At Yokohama, Admiral Yamamoto, Minister of Marine, courteously invited me to visit the dockyard and fleet at Yokohama, placing H.I.M. cruiser Takasago at my disposal. The vessel was throughout in as good condition as a man-of-war could be; and her ship's company were smart, well dressed and well disciplined.

At Yokosha is a large torpedo depot, at which everything connected with torpedo warfare is organised under its own administration; a system preferable to the British method, in which the torpedo departments are auxiliary to the dockyards.

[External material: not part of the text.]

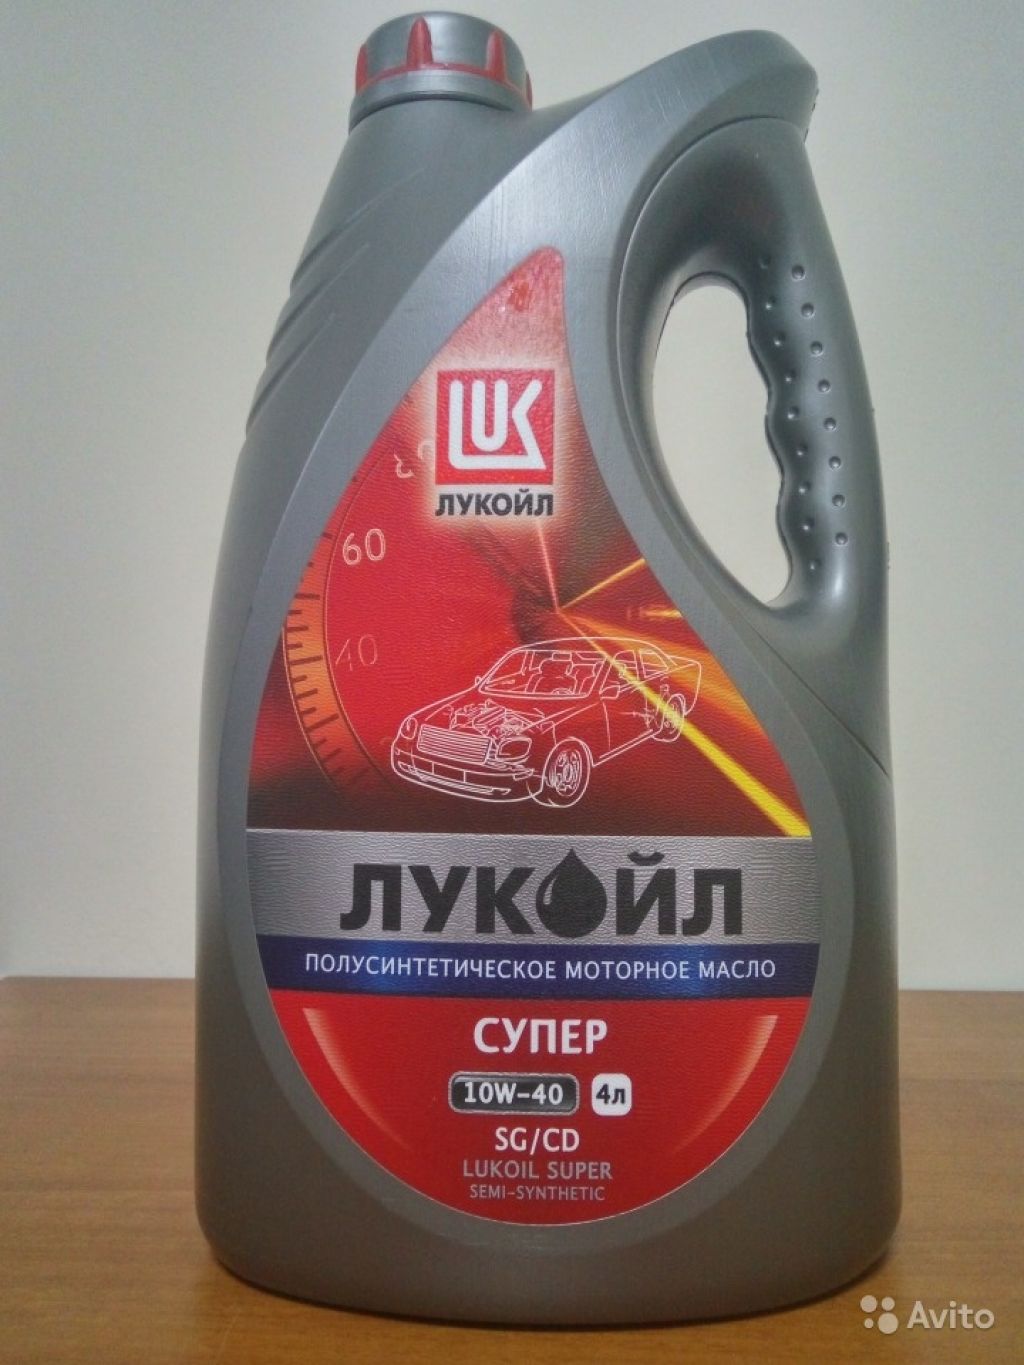 Масло 10w 40 цена 4 литра лукойл. Lukoil 19192. Московское моторное масло. Автокосметика Лукойл. 19191 Лукойл.

The impression disengaged by my sojourn of a fortnight in Japan was that both the political and commercial classes were determined to enforce the "Open Door" in China, where their commercial interests were extensive. I observed that the nation was arming itself steadily and effectively; and that a spirit of patriotism was universal. Four years later, the Russo-Japanese war broke out.

CHAPTER XLVI
TRAFFICS AND DISCOVERIES (Continued)

III. THE UNITED STATES

The many invitations sent to me while I was in China from the United States determined me to visit that country on the way home; in order to explain to the American nation the situation in China; to encourage if it might be, the growth of amity between the English and the American peoples; and incidentally to mark the contrast between the most ancient and static Empire of the East and the restless dynamic forces of the latest experiment in Western civilisation. I had arrived at Nagasaki on the 11th January, 1899; traversed Japan as a half-way house, in which West and East had married, and in which their offspring were presently to astonish the world; and came to San Francisco on the 10th of February.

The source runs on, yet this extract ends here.